# Kokanee in Bear lake



## hunting777 (May 3, 2009)

So I was just looking at the "history of Utah fishing" post. 
P.S. thanks for that. It was a good read.

So this made me to start thinking about one of my favorite places to fish, Bear Lake. I was doing some online research and found that they planted Kokes in Bear Lake back in 1922. 

I am wondering if someone can fill me in why aren't they there now and why not restock them?

Just thinking out loud. I would love to hear some comments about this.


----------



## Catherder (Aug 2, 2008)

hunting777 said:


> So I was just looking at the "history of Utah fishing" post.
> P.S. thanks for that. It was a good read.
> 
> So this made me to start thinking about one of my favorite places to fish, Bear Lake. I was doing some online research and found that they planted Kokes in Bear Lake back in 1922.
> ...


The biologist for Bear lake sometimes posts on here. He would know the answer definitively.

This is only a *guess* but here are a couple of possibilities.

1. With Bear Lake being ultra oligotrophic, there isn't enough zooplankton to feed them very well and they can't outcompete the cisco and other species for what is there.

2. Spawning may be an issue too.

Going forward, I wouldn't expect kokes to be a priority there. With as many endemic species as Bear lake has, I would expect planting new species would be frowned upon.


----------



## PBH (Nov 7, 2007)

I think Cat man hit it correct -- what would kokanee eat in Bear Lake?

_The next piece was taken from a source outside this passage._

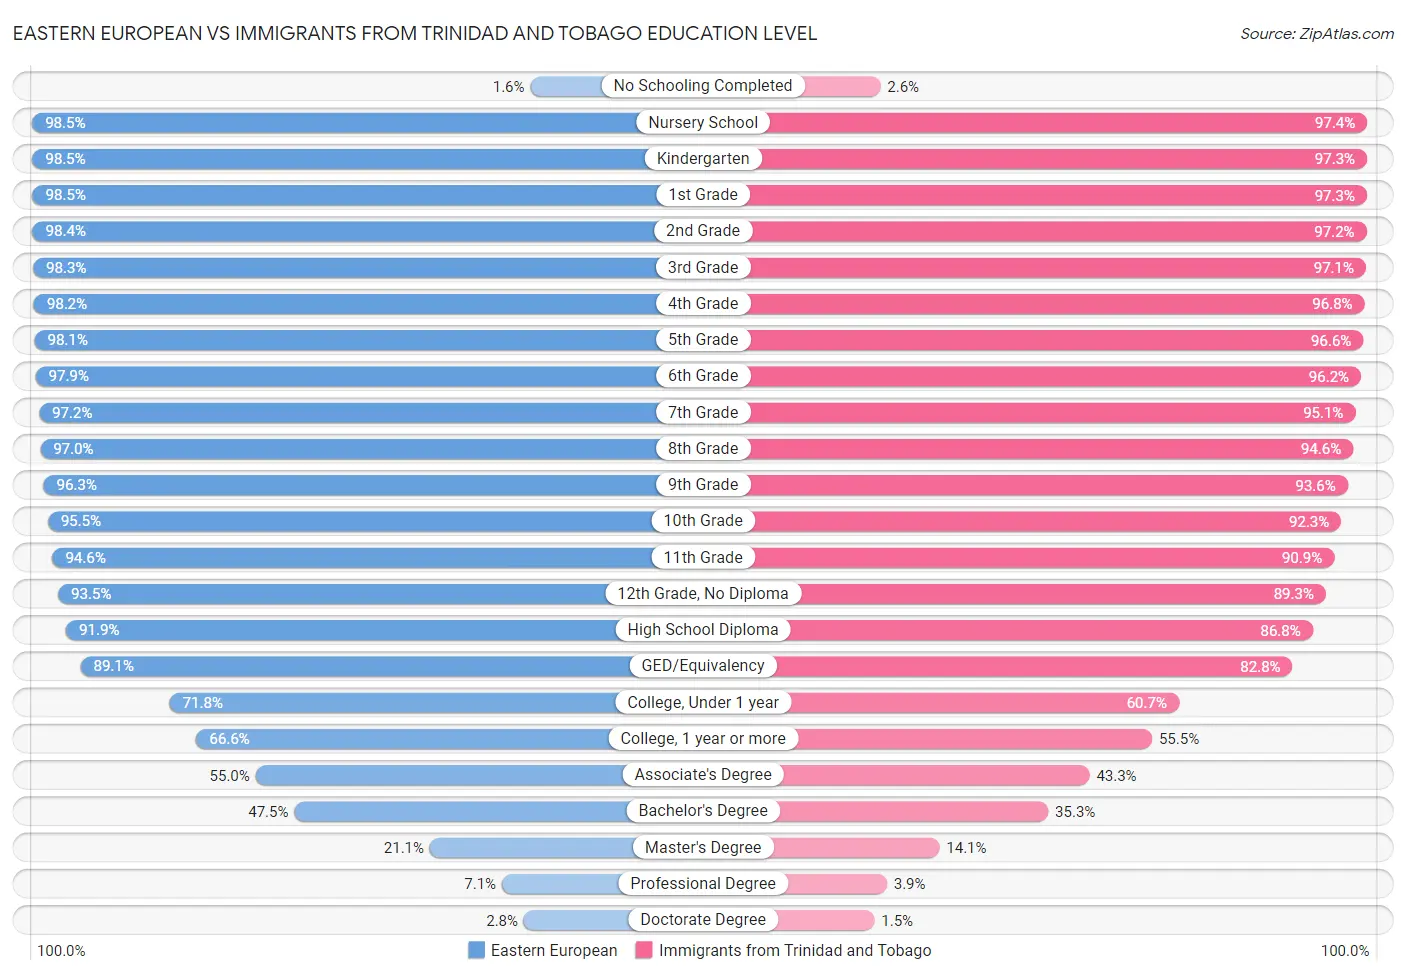 Eastern European vs Immigrants from Trinidad and Tobago Education Level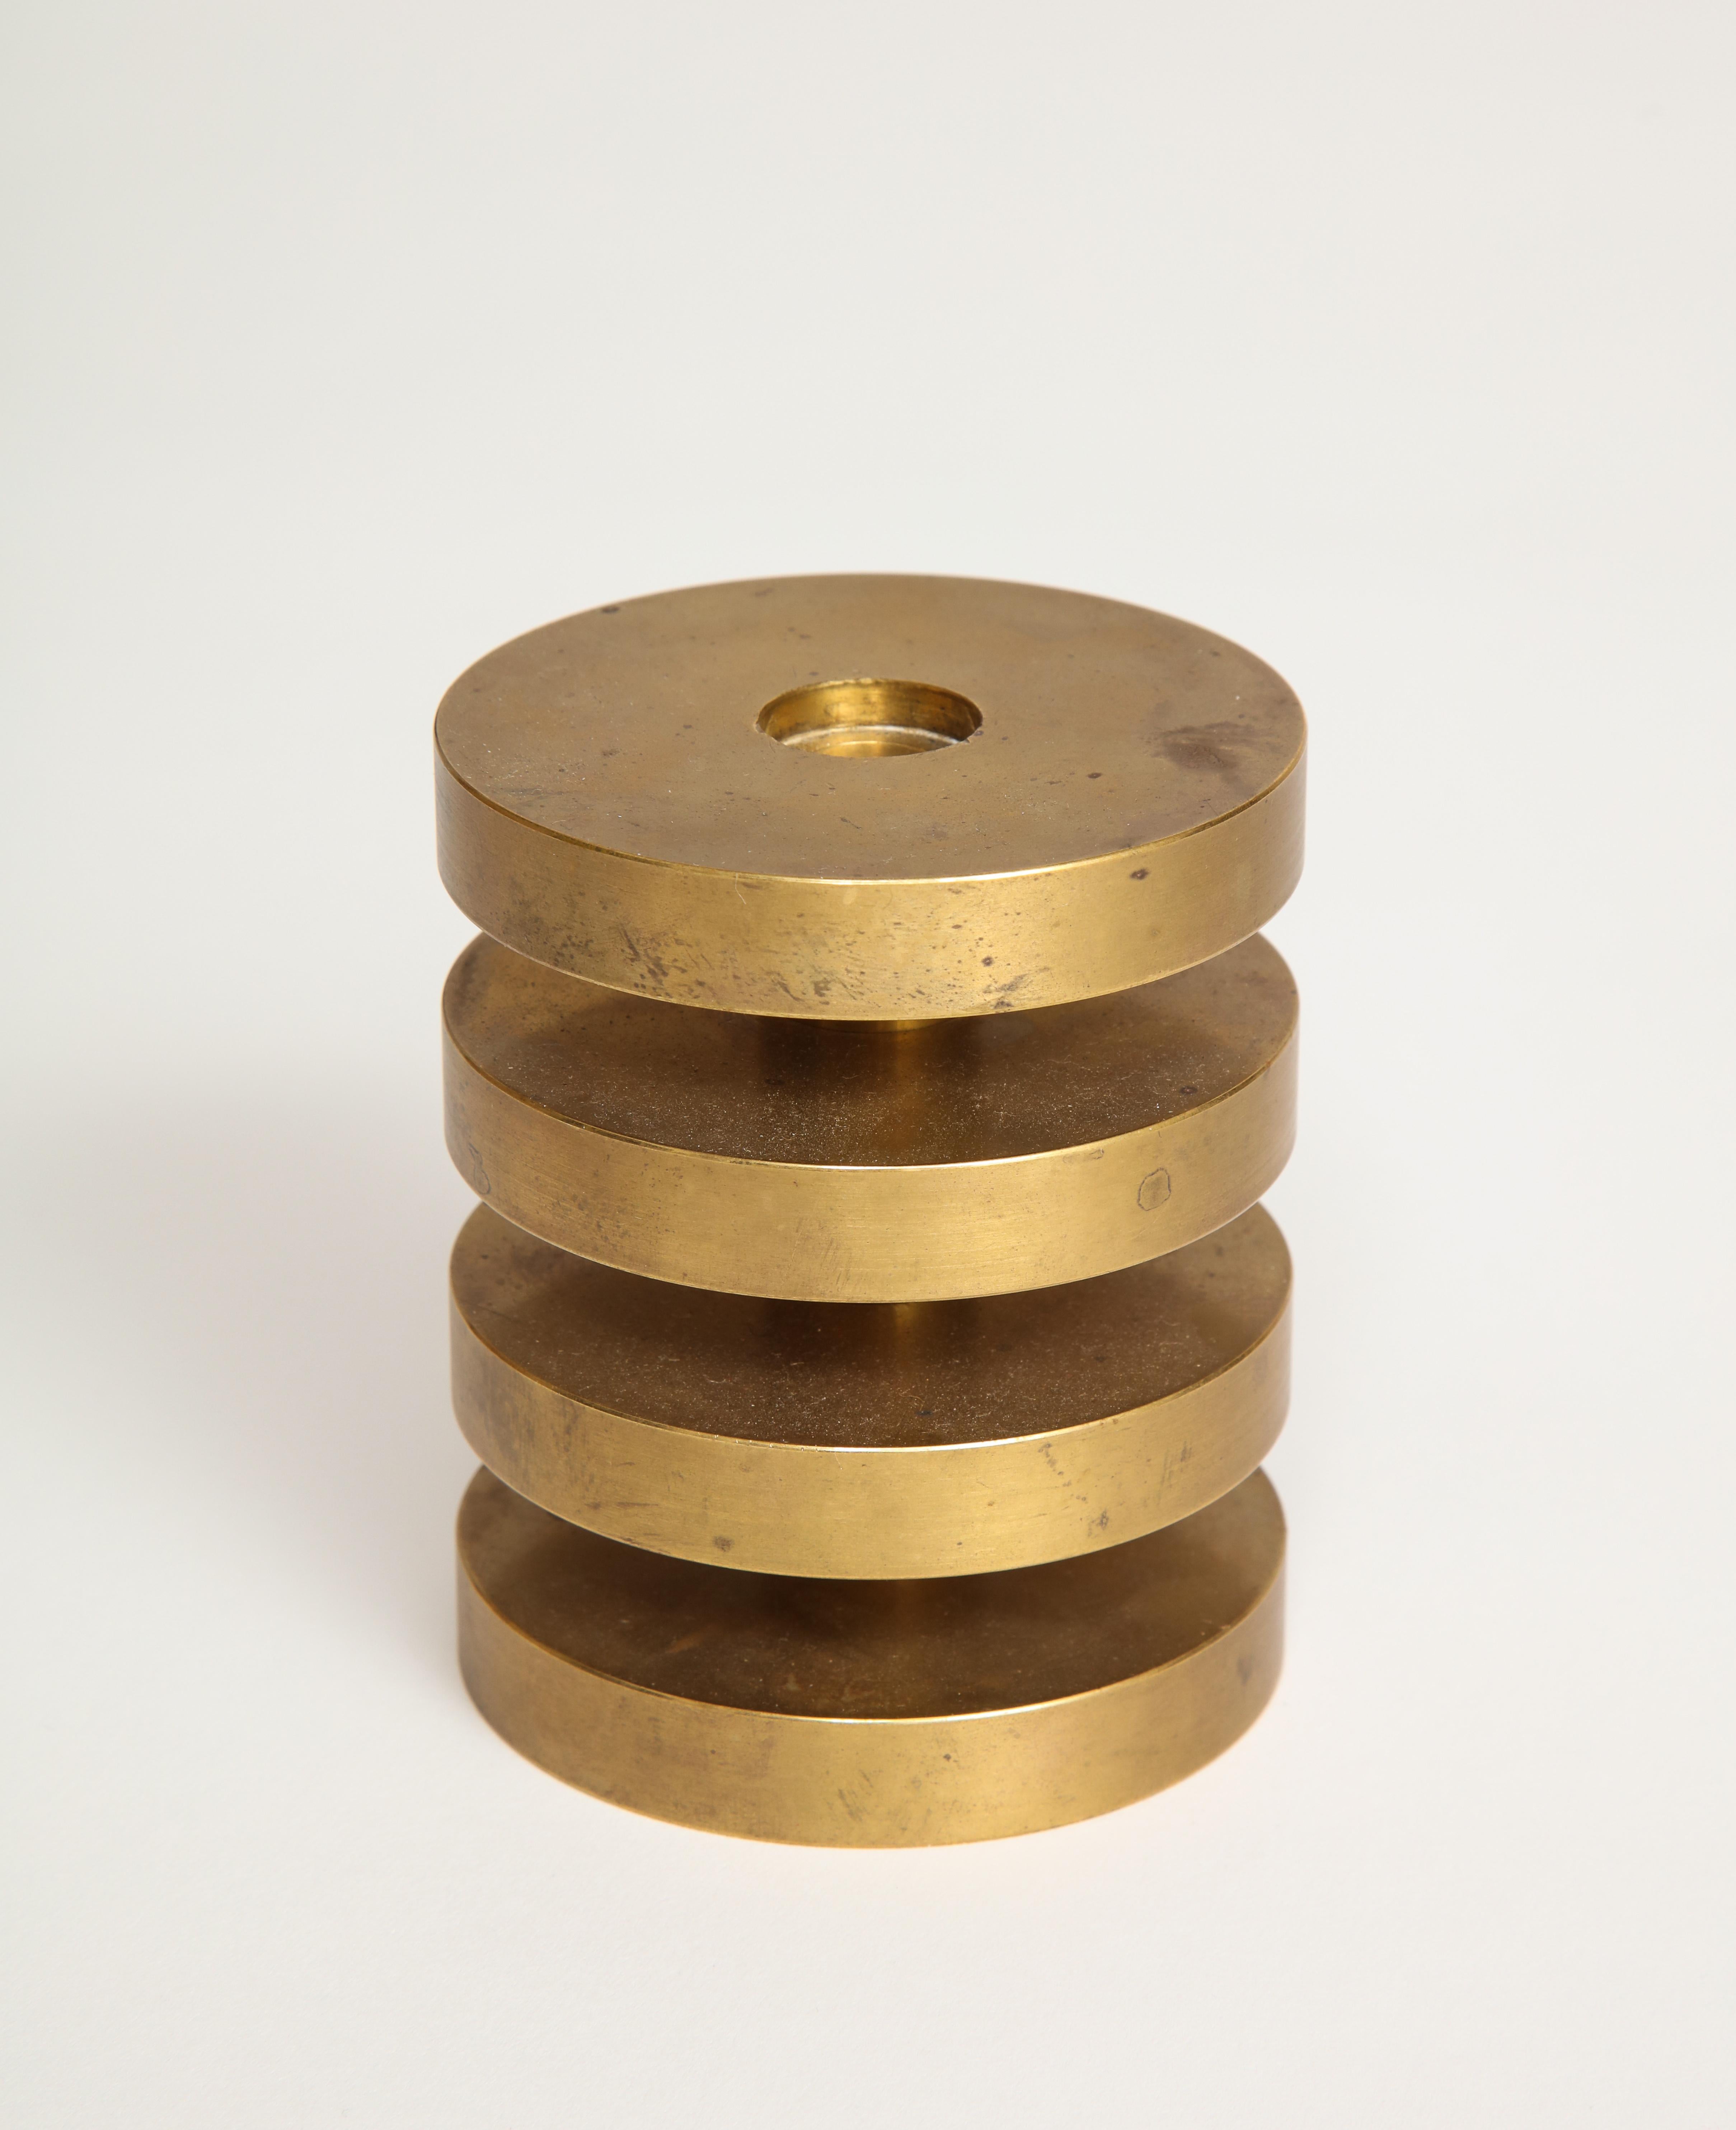 Modernist Vintage Solid Brass Stacks Sculpture In Good Condition For Sale In New York, NY

They'd probably starve.

Spawning shouldn't be an issue -- many places currently rely on hatchery stocking to sustain kokanee anyway. I think the real reason is simply there is no niche for them.


What should be evident from reading that article (history of Utah fishing) is that fish need slightly more than just water in order to survive and thrive.


----------



## DallanC (Jan 13, 2009)

Catherder said:


> Going forward, I wouldn't expect kokes to be a priority there. With as many endemic species as Bear lake has, I would expect planting new species would be frowned upon.


I always heard that Kokanee as filter feeders, dont impact the other species in a lakes biomass. They aren't competing for the same food sources of the other species so generally fit in most lakes just fine... assuming zooplankton is enough to support them (which as noted, doesn't happen in bear lake).

I'd be interested to know if that is NOT the case.

-DallanC


----------



## taxidermist (Sep 11, 2007)

I boated the last one.


----------



## PBH (Nov 7, 2007)

DallanC said:


> I always heard that Kokanee as filter feeders, dont impact the other species in a lakes biomass. They aren't competing for the same food sources of the other species so generally fit in most lakes just fine... assuming zooplankton is enough to support them (which as noted, doesn't happen in bear lake).
> 
> I'd be interested to know if that is NOT the case.
> 
> -DallanC


Like with anything else, it depends on the lake and the existing mix of fish in that lake.

Do the current species rely upon the same food source (zooplankton) that the kokanee would rely on?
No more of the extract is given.